Menapak di Ladang Ranjau, Menguak Makna dari Makhluk yang Diremehkan
"Dalam dunia yang retak oleh perang, bahkan seekor tikus bisa menjadi penjahit harapan."
Oleh Karnita
Pendahuluan: Diam-diam, Mereka Menyelamatkan Dunia
Pagi masih enggan terbit di Siem Reap, Kamboja. Embun menyelimuti semak liar ketika seekor tikus berkantong raksasa melangkah perlahan di atas tanah yang menyimpan bahaya tersembunyi. Di ujung talinya, seorang perempuan memantau gerak-geriknya—bukan untuk eksperimen ilmiah, melainkan demi sebuah misi: mendeteksi ranjau darat yang diam-diam mengintai kehidupan warga sipil.

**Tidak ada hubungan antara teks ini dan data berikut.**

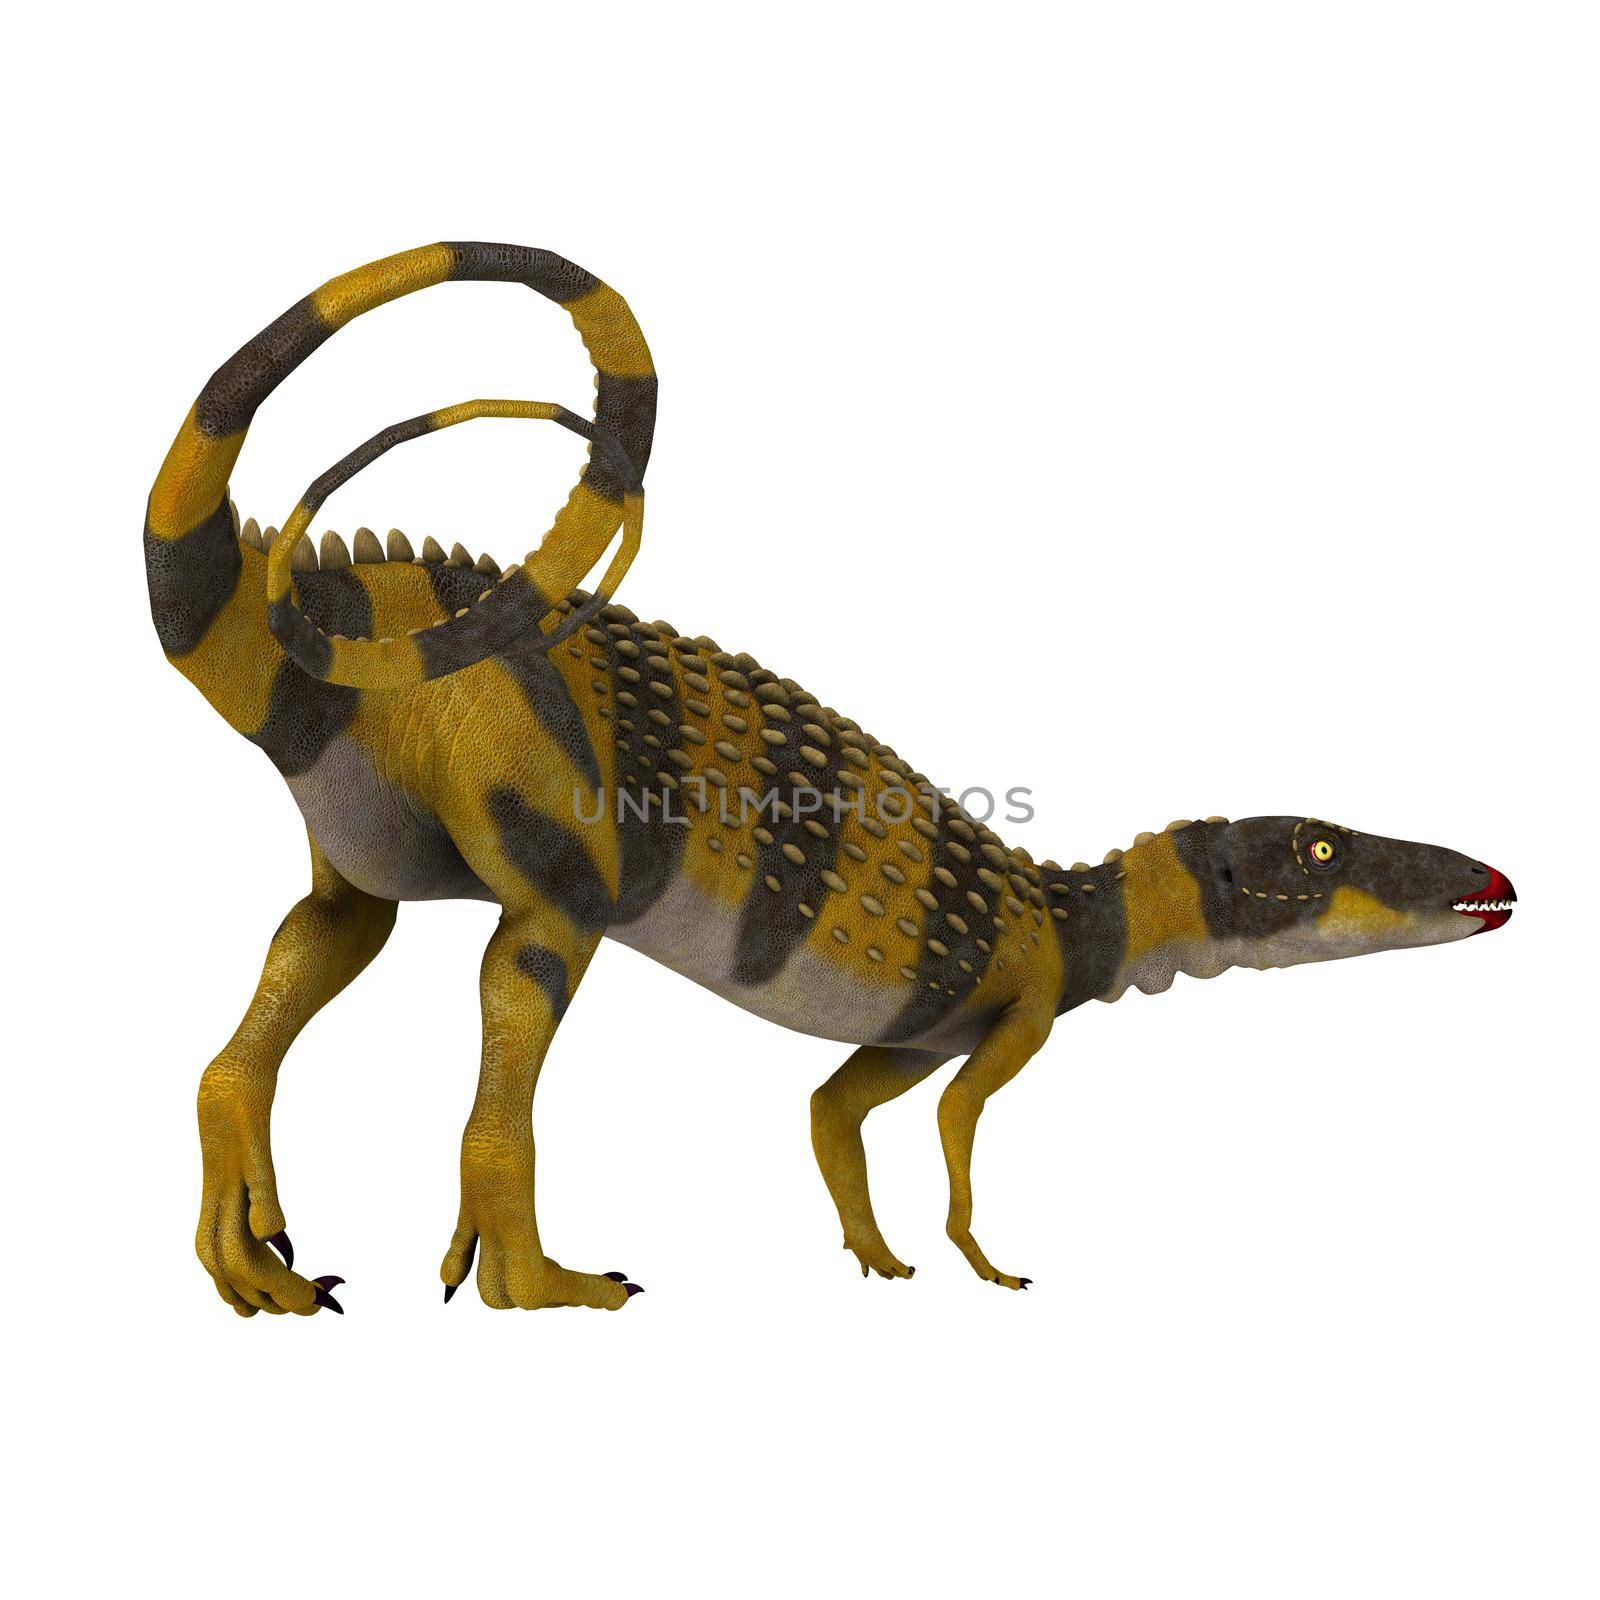 Scutellosaurus Dinosaur with Tail by Catmando

Dalam kesenyapan, makhluk kecil itu menjadi bagian dari perjuangan panjang melawan warisan konflik.
Sebagai penulis yang tertarik pada tema-tema kemanusiaan dan rekonsiliasi sosial, saya terpukau oleh laporan Kompas.id berjudul “Tikus yang Menjadi ’Pahlawan’ di Kamboja” (17 Juli 2025) karya Ignatius Danu Kusworo. Sekilas terdengar tak biasa—tikus pelacak ranjau? Namun di Kamboja, hewan ini adalah agen penyelamat dalam program yang dijalankan APOPO, organisasi nirlaba dari Afrika dan Eropa. Mereka tak hanya membersihkan tanah, tetapi juga mengurai ketakutan, mengembalikan harapan.
Lebih dari sekadar kisah tentang teknologi alternatif, ini adalah narasi tentang potensi dari yang kerap diremehkan, tentang kekuatan dari yang sederhana, dan tentang kerja sama lintas makhluk dalam menyembuhkan luka sejarah. Di jejak lembut para tikus ini, kita diajak merenung: pemulihan tidak selalu datang dari kekuatan besar, melainkan dari kepercayaan yang dibangun dalam kesenyapan dan ketekunan yang konsisten.
Tikus dan Ladang Maut: Aliansi Tak Terduga
Di tengah bentang Kamboja yang masih dibayangi trauma masa lalu, tersisa ribuan kilometer persegi lahan yang pernah ditanami ranjau. Ranjau-ranjau ini tidak hanya menyimpan potensi bahaya, tapi juga menahan kehidupan: anak-anak tak leluasa bermain, petani ragu mengolah tanah, dan mobilitas warga pun terbatas oleh rasa waswas.
Dalam situasi seperti ini, APOPO hadir dengan pendekatan tak lazim namun efektif: melatih tikus berkantong Afrika untuk mendeteksi bahan peledak. Dengan bobot ringan, tikus dapat menyusuri lahan tanpa memicu ranjau. Saat mendeteksi aroma TNT, mereka memberi sinyal dengan menggaruk tanah—metode yang efisien dan terjangkau jika dibandingkan dengan perangkat berteknologi tinggi.
Para pelatih seperti Mott Sreymom—seorang perempuan tangguh dari Kamboja—merawat tikus-tikus ini dengan penuh perhatian. Ia memberi makan, merawat tubuh mereka, bahkan mengolesi tabir surya di kaki dan buntut mereka agar tak terluka saat bertugas di bawah terik. Di ladang yang dulunya menyimpan kematian, tumbuh hubungan kemitraan antara manusia dan hewan, dilandasi kepercayaan dan rasa saling melindungi.